The Best Way to Understand Bitcoin Volatility

B.itcoin is one of the most important economic inventions in history. For many people, this means hope and has turned believers from savvy bankers to seasoned CEOs to passionate supporters. However, due to the perceived volatility and endless geopolitical uncertainty, some people consider it unsuitable as a true store of value.

If we look at bitcoin volatility in a historical context, the following data offers a new perspective that makes a compelling case for this digital asset class. Since at least October 2014, the top tercile of Bitcoin volatility has been above 79%. To better understand these numbers, let’s divide Bitcoin volatility into high, medium, and low.

Volatility is best defined as the 30-day standard deviation of the annualized daily log returns. Against this background, the high volatility is 100% or above, the medium volatility between 50% and 100% and the low volatility below 50%. Bitcoin is currently below $ 40,000 and approaching its lows in February.

Bitcoin’s Relative Strength Index (RSI) on a daily chart has been oversold in the past few days. However, an oversold value of 25 is not as significant as the March 2020 value of 14, suggesting that selling pressures may continue in the short term. The table below provides a framework to show that BTC is merely expanding its mean volatility and aligning with other time periods.

The strongest antithesis to periods of medium to high Bitcoin volatility is the non-discretionary asymptotic monetary policy. Of course, there are at least two dimensions that make Bitcoin a unique value proposition: First, it has an integrated asymptotic supply curve with a perpetual limit of 21 million Bitcoin. Second, it exhibits an exponential demand curve largely derived from global decentralized interests and under-banked communities.
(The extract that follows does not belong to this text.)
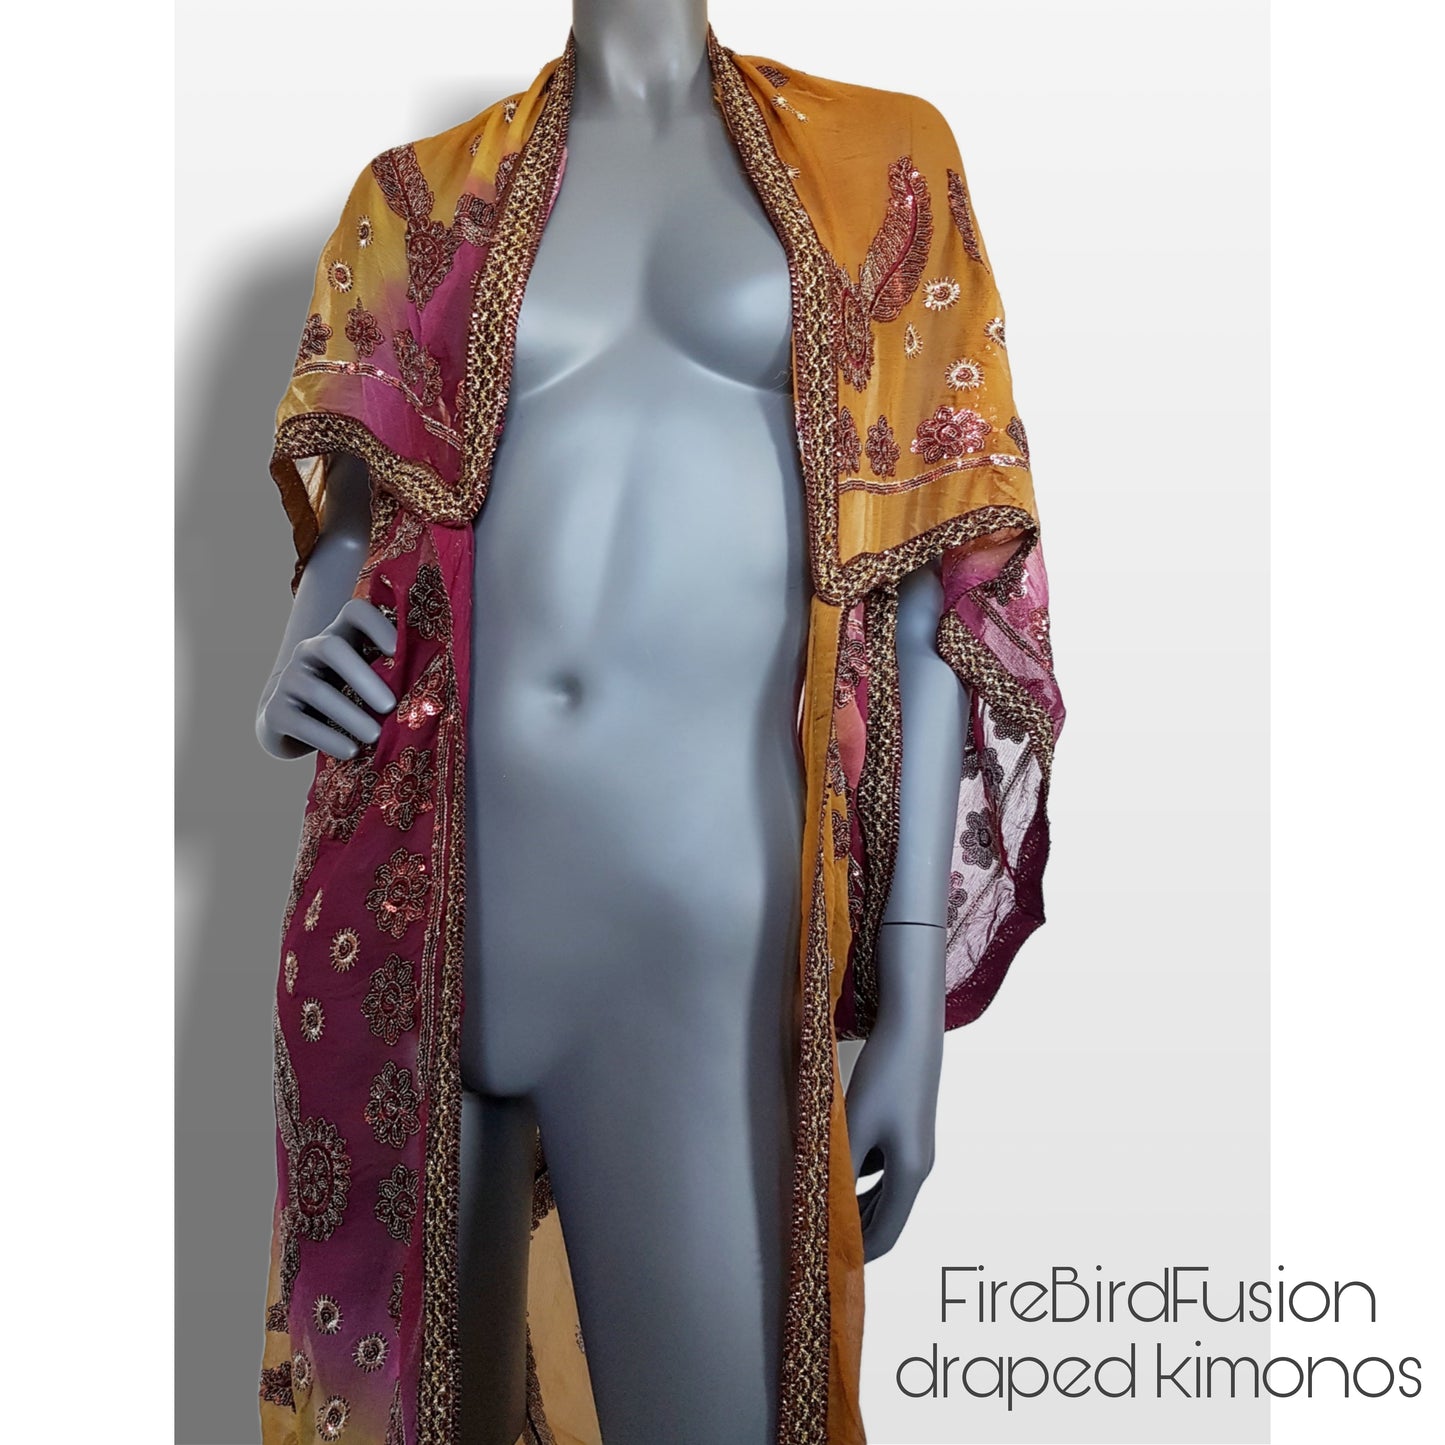 Draped kimono, mustard and bordeaux with elaborated embrodery in antique gold sequins and beads (M)

Bitcoin inflation versus time

Can Bitcoin overcome its volatility problem over time?

If Bitcoin is to become a practical store of value, its medium to high volatility must stabilize over time. As a rule, a store of value that increases in value over time (like Bitcoin) is more practical than a store of value that is depreciating in value. However, both inflation and deflation can undermine an asset’s role as a value maintenance mechanism. In this case, Microstrategy CEO Michael Saylor recently faced a difficult decision to find a place to put extra cash on the company’s balance sheet.
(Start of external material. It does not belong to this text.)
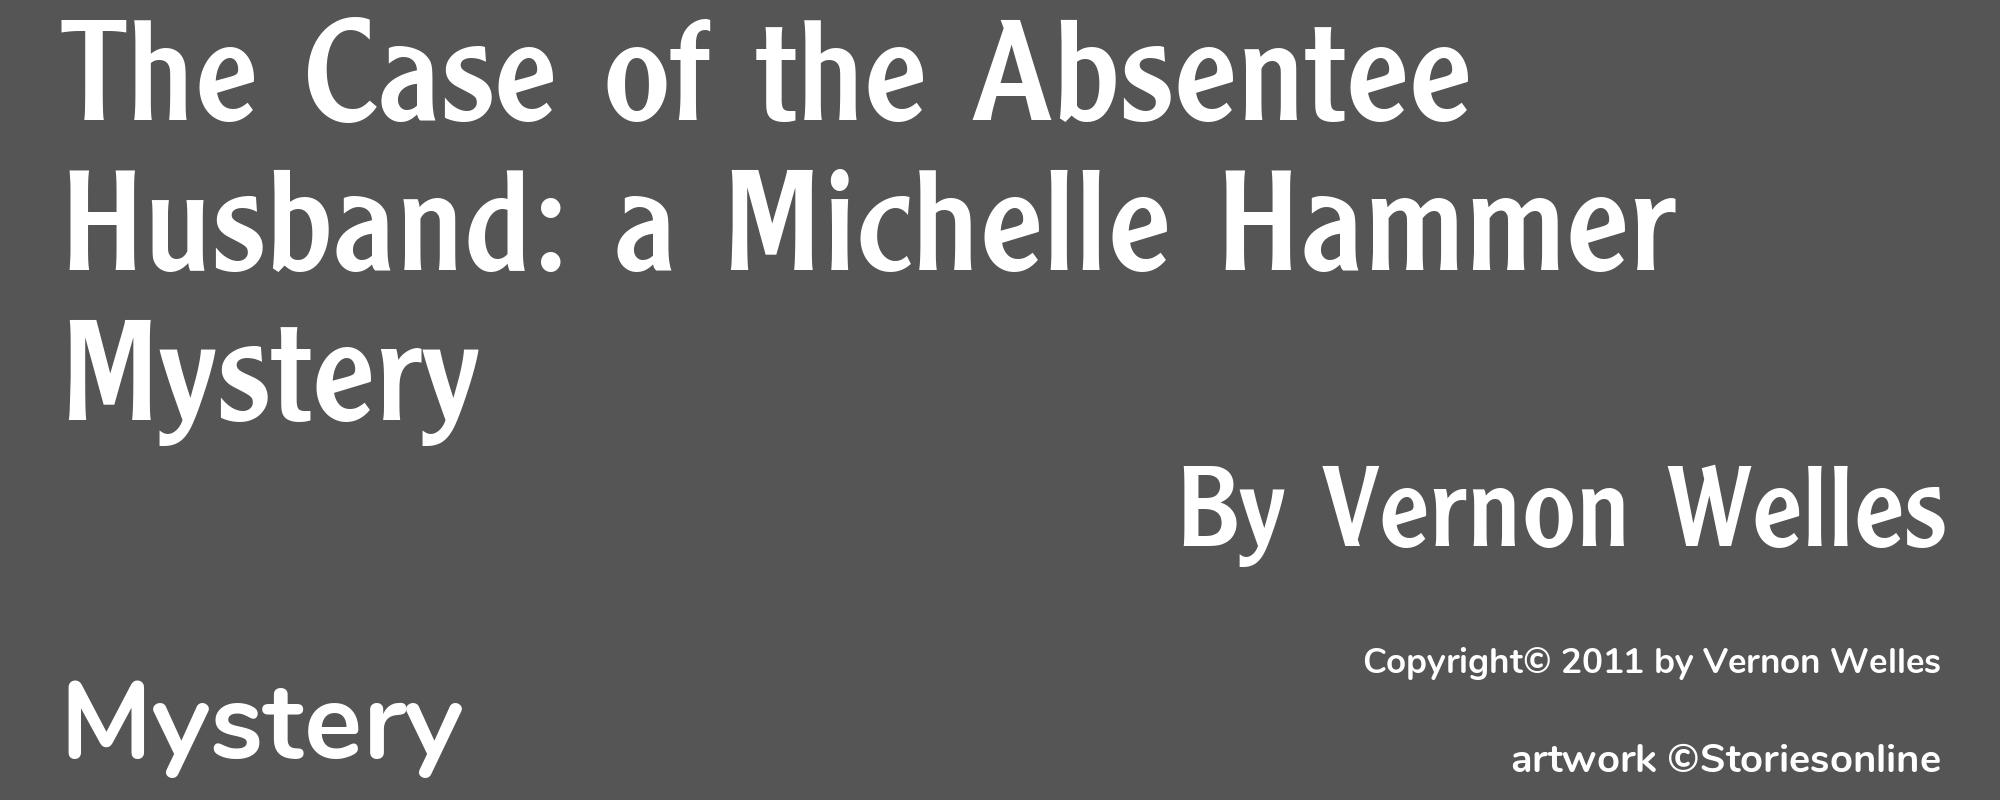 The Case of the Absentee Husband: a Michelle Hammer Mystery - Cover

In his view, holding Fiat was analogous to holding a melting ice cube on a hot summer day. In other words, if he did nothing, his company’s purchasing power would slowly fade in the years to come. He says: “The consumer price index (CPI) is a misleading measure of inflation. Volatility is a misleading measure of risk. The former distracts us from the problem, while the latter distracts us from the solution. “

Michael Saylor and his corporate executives evaluated the various options to maintain his public company’s balance sheet and kept coming back to Bitcoin. “There is a monetary planet of $ 500 trillion and the outer layer is the currency. Then there are stocks, bonds, and real estate. There is $ 10 trillion worth of gold there and $ 1 trillion of bitcoin there. Bitcoin will flip gold and wrap the whole thing up Gold market Cap, ”says Saylor.

Bottom line:

It would be unreasonable to expect Bitcoin to move from virtual irrelevance to a global monetary base that competes with sovereign central banks without volatility. The medium-term Bitcoin trend is around 20% below the 100-day moving average. Volatility alone is not an argument that Bitcoin is a store of value. During Bitcoin’s relatively short lifespan, volatility has moved downward with ever increasing market capitalization and increasing market volume.

The views and opinions expressed are those of the author and do not necessarily reflect those of Nasdaq, Inc.